Profitability, however, also affects other markets as gold also responds to these movements. But is it different this time? How will Bitcoin respond to these potential macroeconomic shocks?

Dollar weakness against bitcoin

The US Dollar Index (DXY) continues to show weakness with rising returns, which is generally good for bitcoin bears. This indicates that investors are running away from the dollar towards more risky and more profitable investments such as Bitcoin.

From a technical point of view, however, the DXY experienced a second decline of 91.50 points, followed by a further decline in the dollar, as shown in the chart above. The 90-point level is being tested again now, and the main question is whether this level will continue as support.

However, it is still controversial whether higher earnings have had any direct impact on the bitcoin price, especially in recent days. Meanwhile, the DXY is often inversely correlated with the bitcoin price, although it has declined in recent months (see below).

BTC traded in correlation for 90 days against US dollars, VIX, gold and the S&P 500. Source: data on digital assets.
After the crash in March 2020, this reverse relationship intensified until September 2020, when the dollar’s weakness coincided with a significant increase in the price of bitcoin.
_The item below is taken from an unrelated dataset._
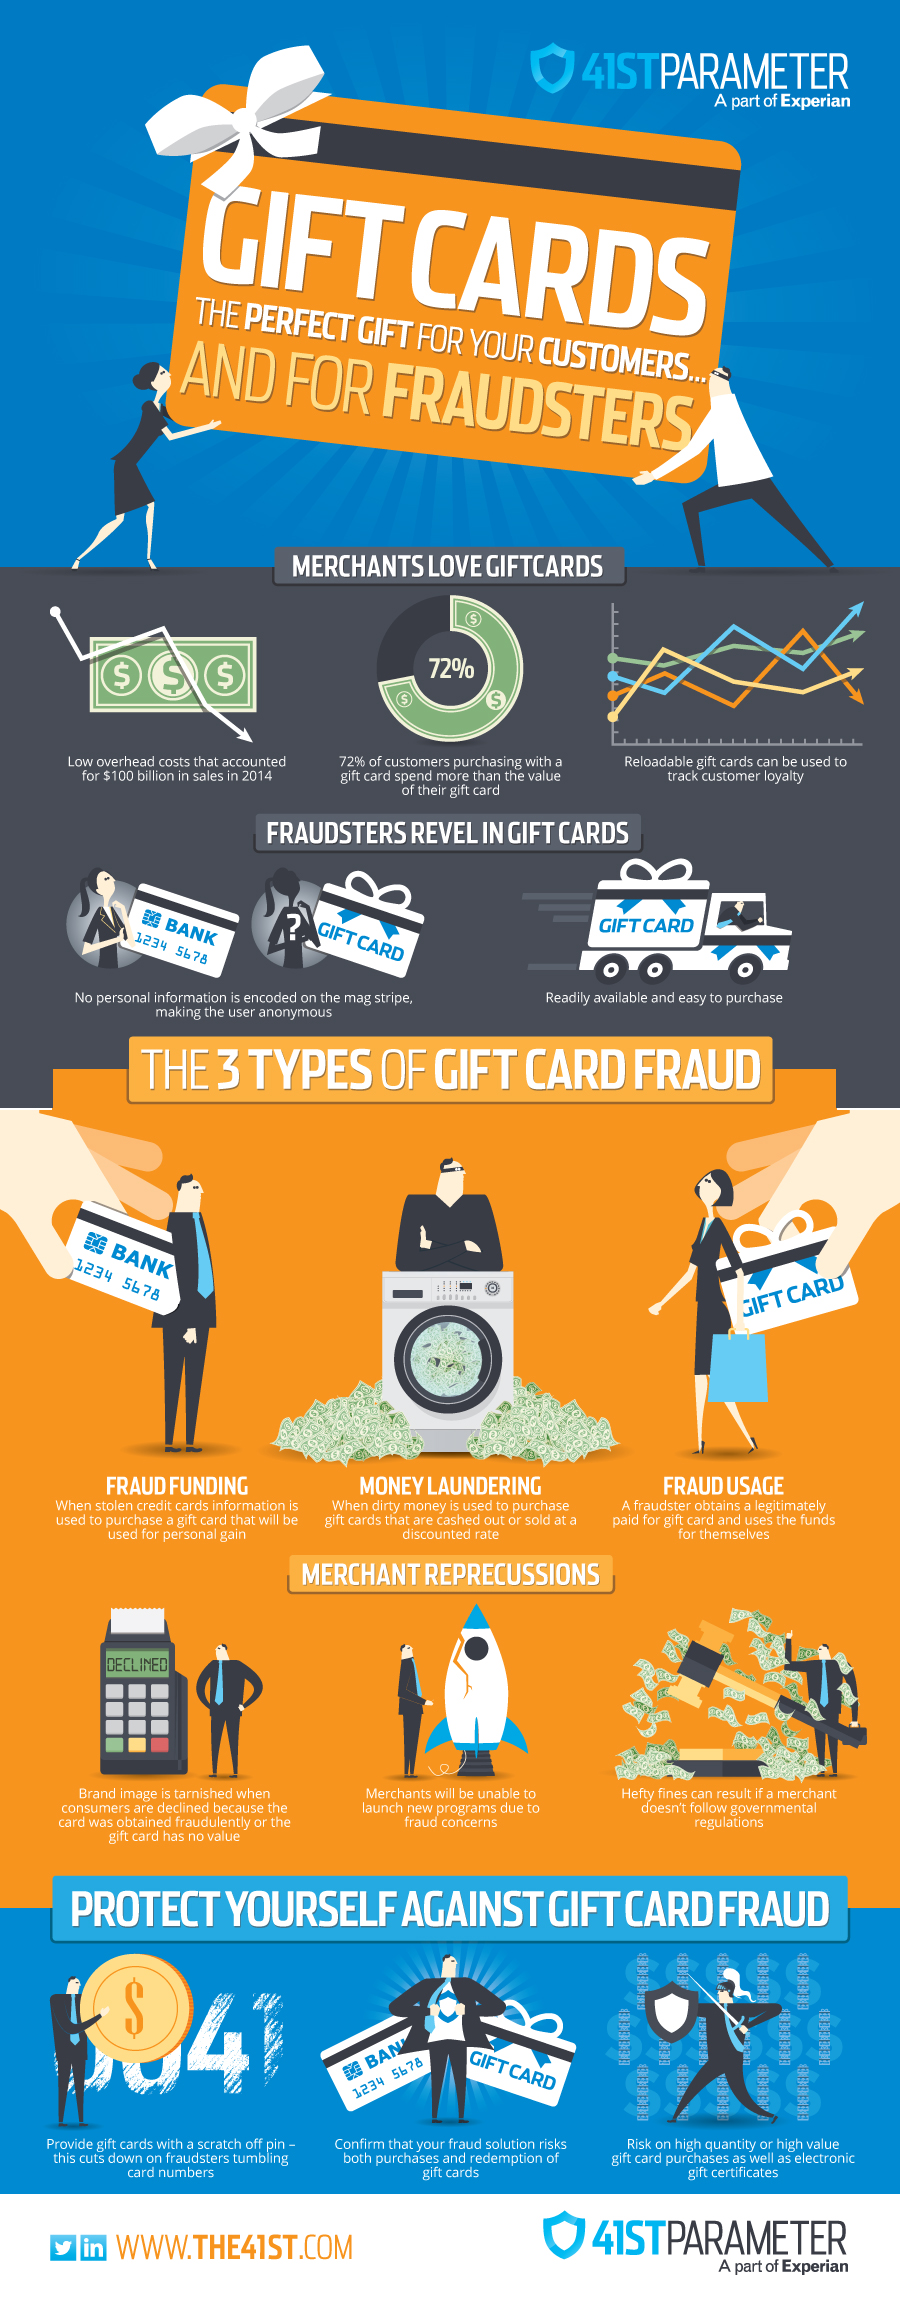 41st_GiftCard_Fraud_Infographic
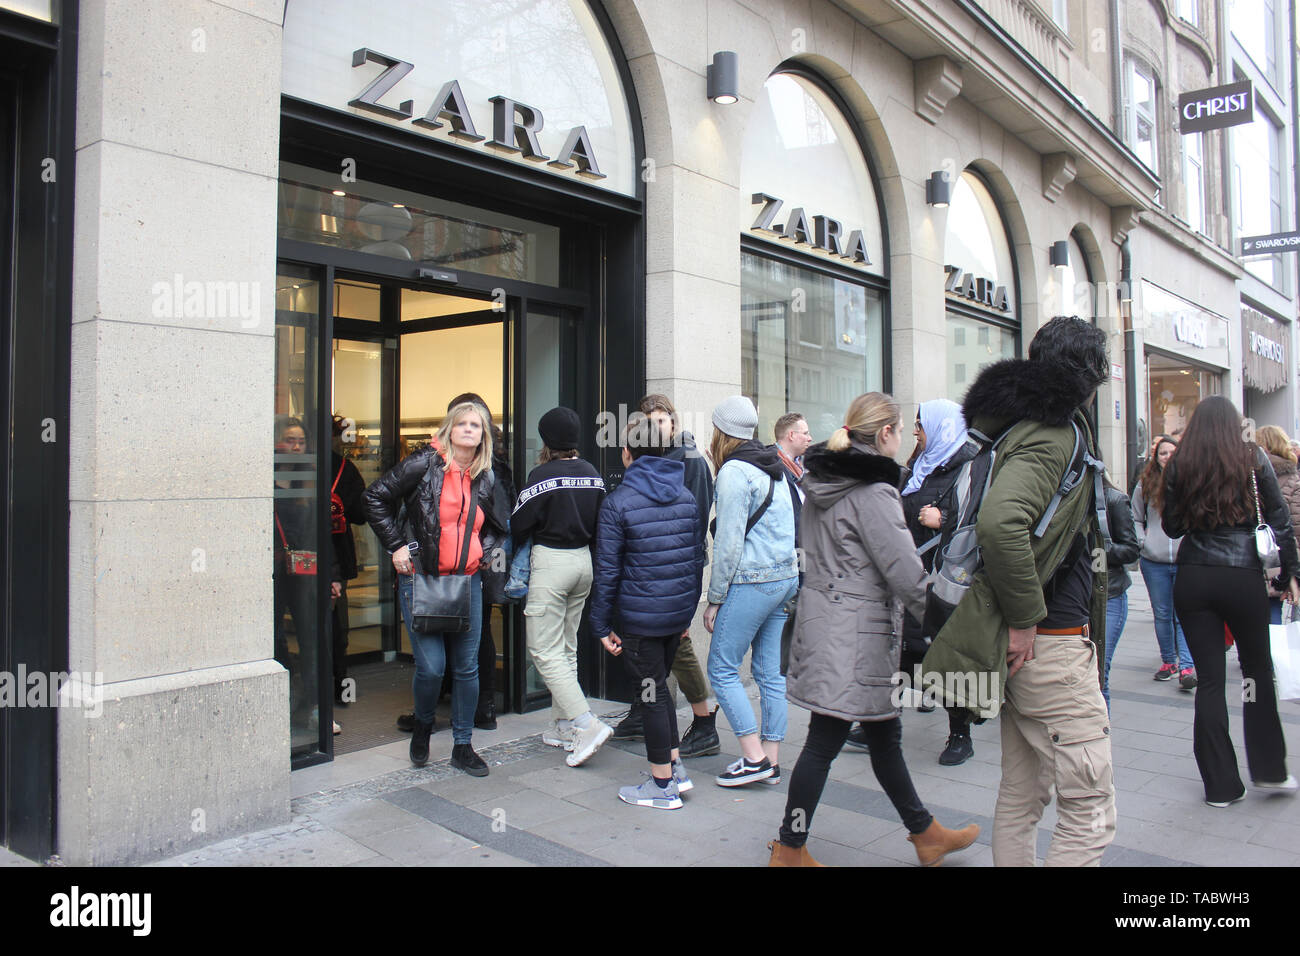 Shopping scene - mixed people, consumers, entering and passing by at Zara store in Munich shopping zone. Stock Photo

Of course, assets are only tied up, so they are not tied up, and many other factors can have a much greater impact on Bitcoin in the short term – such as miners or whales selling Bitcoin, government regulations, and so on.

Why does gold show weakness?

The three-day gold price chart shows a clear correction since August 2020. Even more important is that rising interest rates and a weak dollar have not affected the gold market as much as the Bitcoin market.

Even with recent income growth, people are not buying gold. In fact, higher returns have not historically benefited from gold – at least in the short term – because higher returns will make government bonds more attractive for mutual funds to hold and as a risk-free asset in the portfolios.

As interest rates continue to rise to higher levels, so does the uncertainty surrounding the economy, and investors usually begin to switch from dollars to gold paradise. This was evident in the 1980s, when returns increased by about 14% and gold also climbed to all-time highs.

BTC is becoming more important in the economy as a whole
In the current situation, however, the fall in gold prices can only be an immediate reaction to the increase in profitability in general. However, there is another possibility: An increasing number of investors are choosing digital gold over precious metal, not only because of the higher up potential, ie risk and reward, but also because these positions are easier to liquidate.